Landing on the Tarmac - Touched down seconds ago from far northwestward of here.

In Prince George thousands reveled, raged, and paraded since the most Honourable Gordon Campbell, apparent Premier-superstar for B.C, gave a gazillion dollars to the UNBC for building the Northern Sports Centre.

An eco-spec university set amid autumnal pines on the side of a mountain, with green banners waved by gorgeous Aboriginal athletes to usher in the 2010 Winter Olympics, and enough lumpfish and ice-wine to sink a yacht of Monte Carlo's most affluent; Holy frick, I thought, how unlike gritty ole Winnipeg...

Yet how different we are here is why I love here - what trite vodka-maxims from a red-eye flight. For if we are anything in Winnipeg we are a community of artists and our venues.

I was reminded of this fact when seeing none other than the esteemed David Bergen sharing passage homeward in economy class (likely even a Giller can't take the bargainer out of a Winnipegger!)

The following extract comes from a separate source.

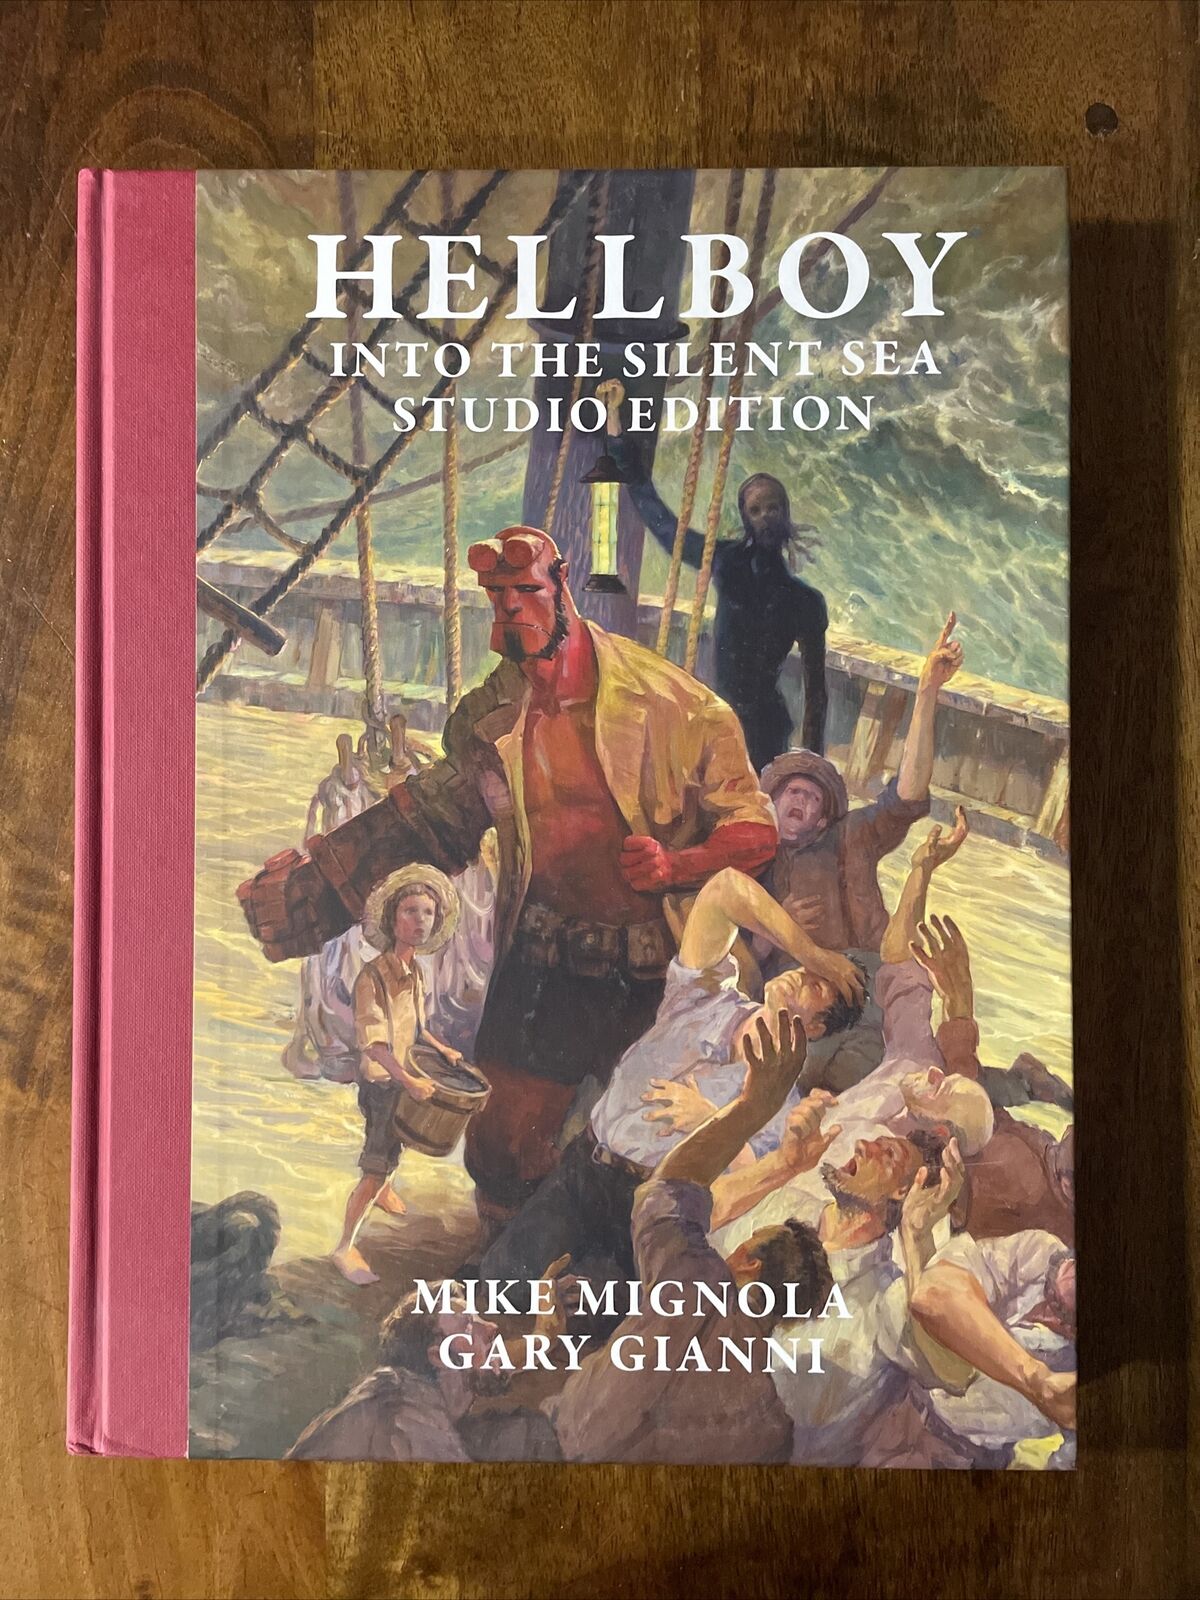 HELLBOY Into The Silent Sea Studio Edition By Mike Mignola and Gary Giani
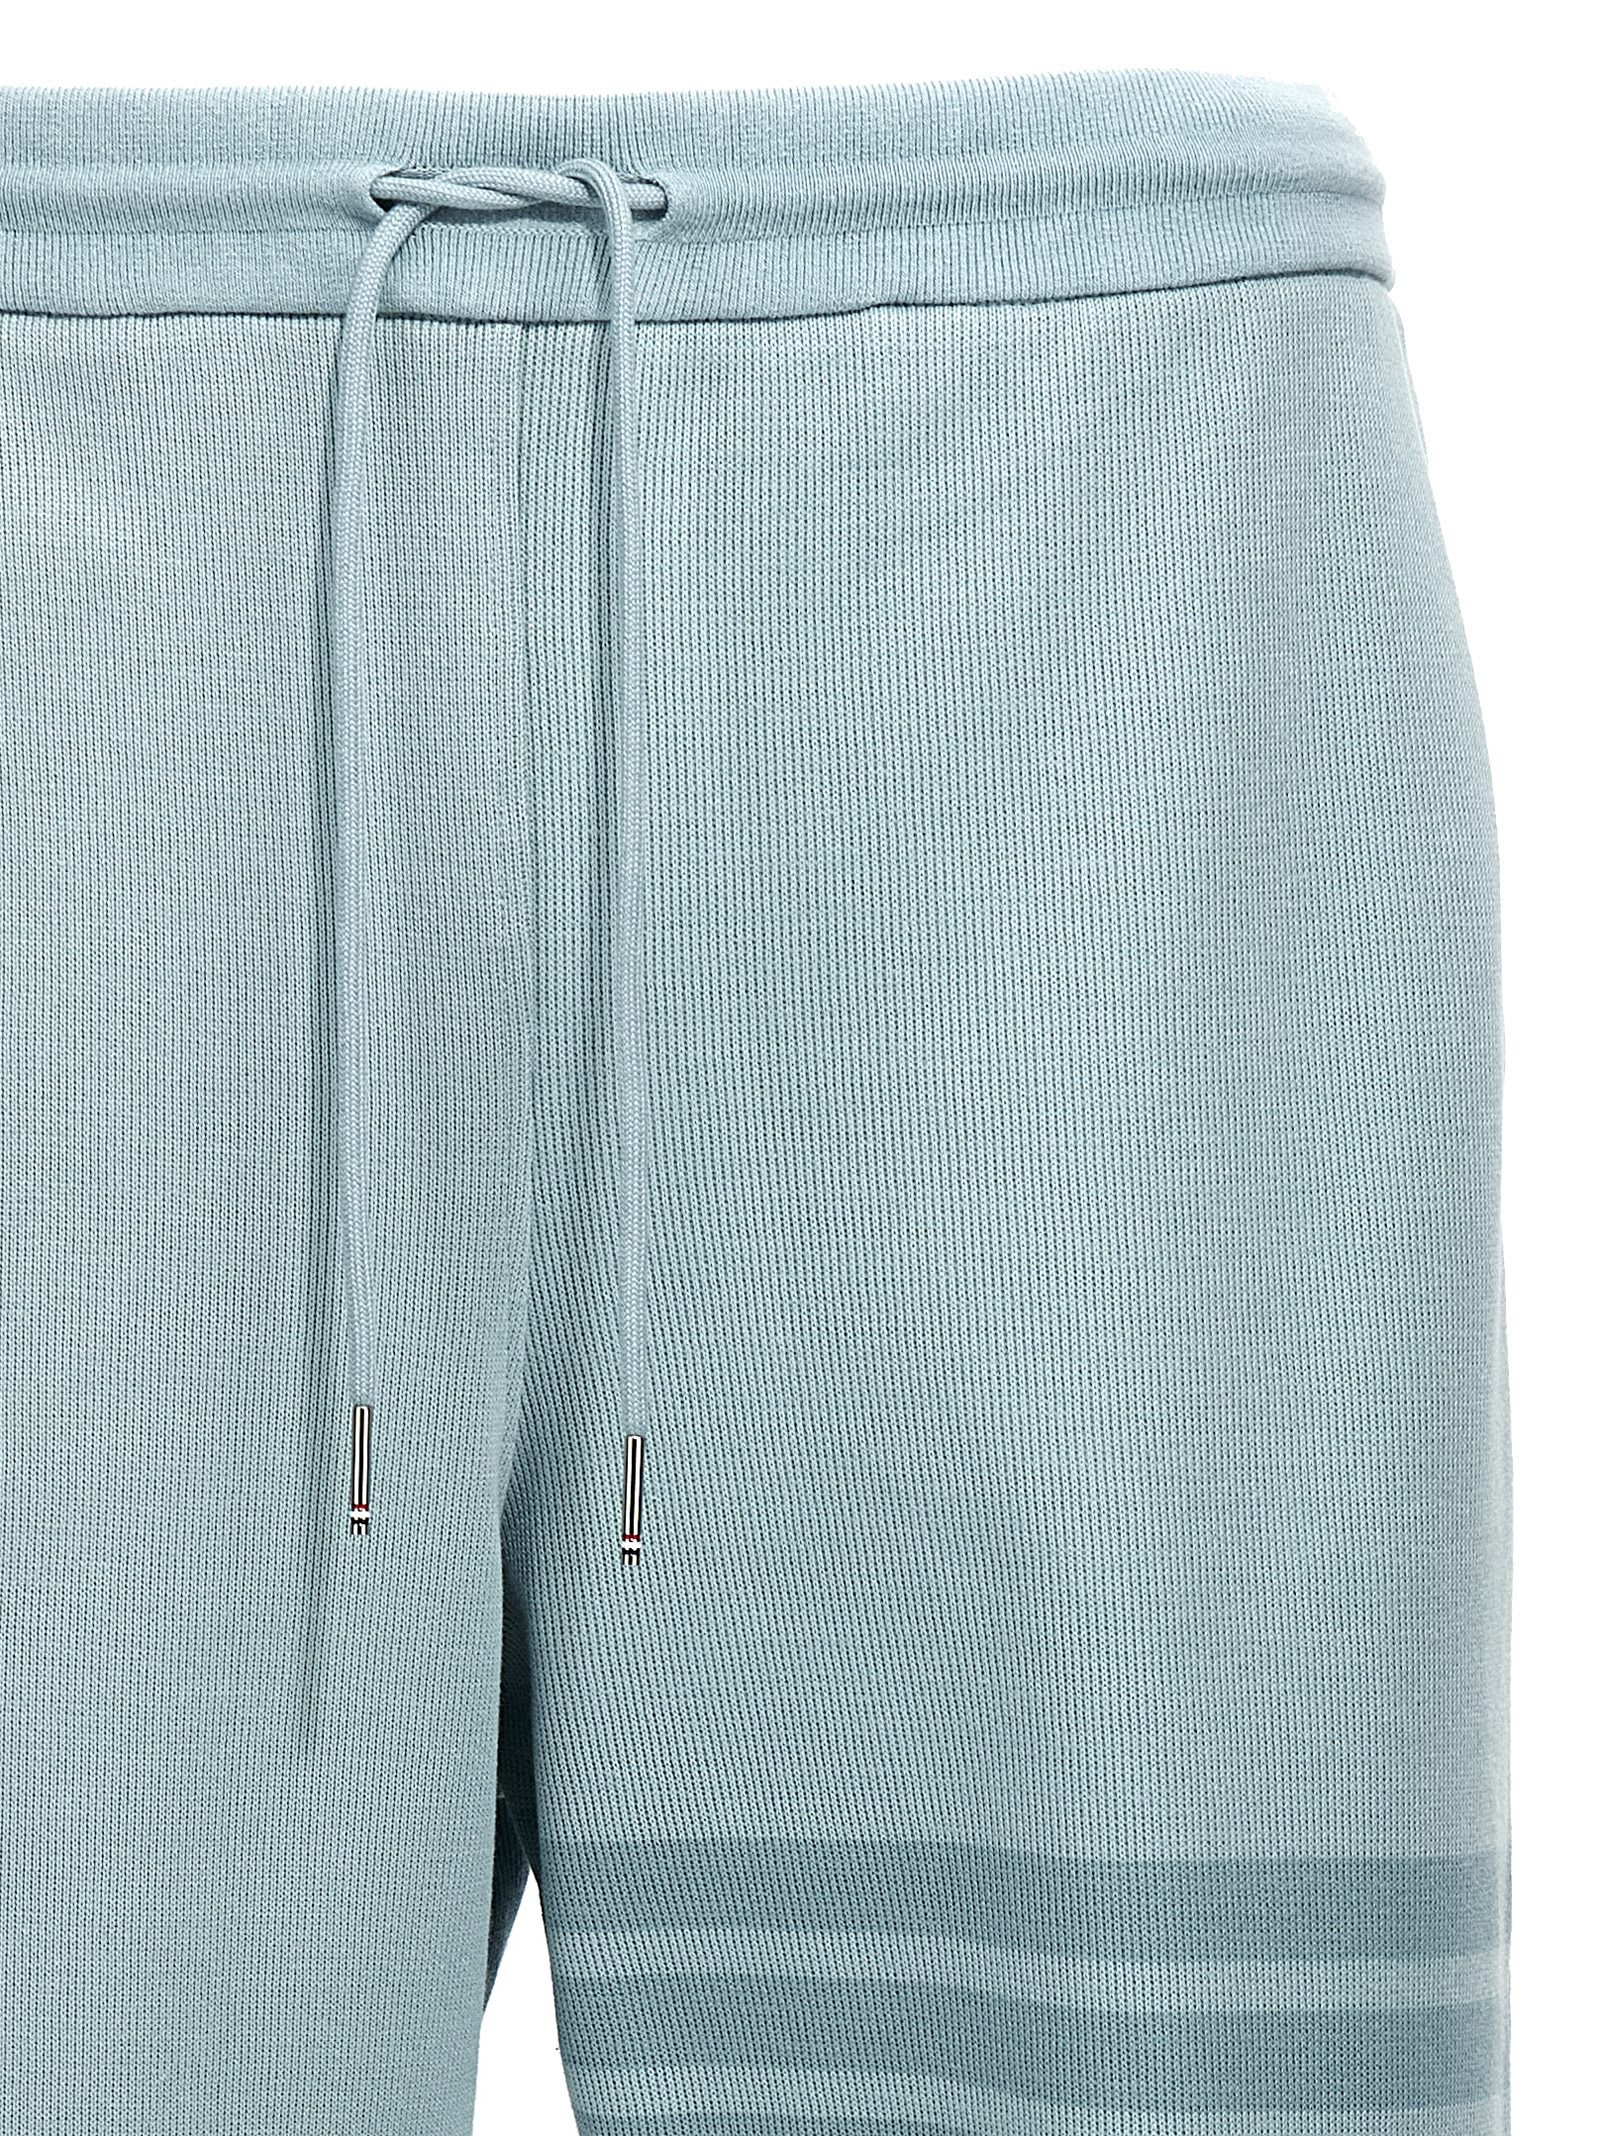 Shop Thom Browne 4 Bar Joggers In Light Blue

And it's not just the writers at this year's festival that have me so horny, but the venues: the metal ribs of the Millennium Library for freaky sci-fi guy William Gibson: the narrow alleys with boarded-up warehouses in the Exchange for writing workshops: plus enough midnight slam poetry for the peeps and gangsta-girlz in the hood to keep amped....

How relevant internationally our festival has grown in a sense overwhelms; while waiting for my luggage to clunk down the airport shoot I've a good mind to walk over to David Bergen and ask him if he's attending this year's Thin Hair Festival.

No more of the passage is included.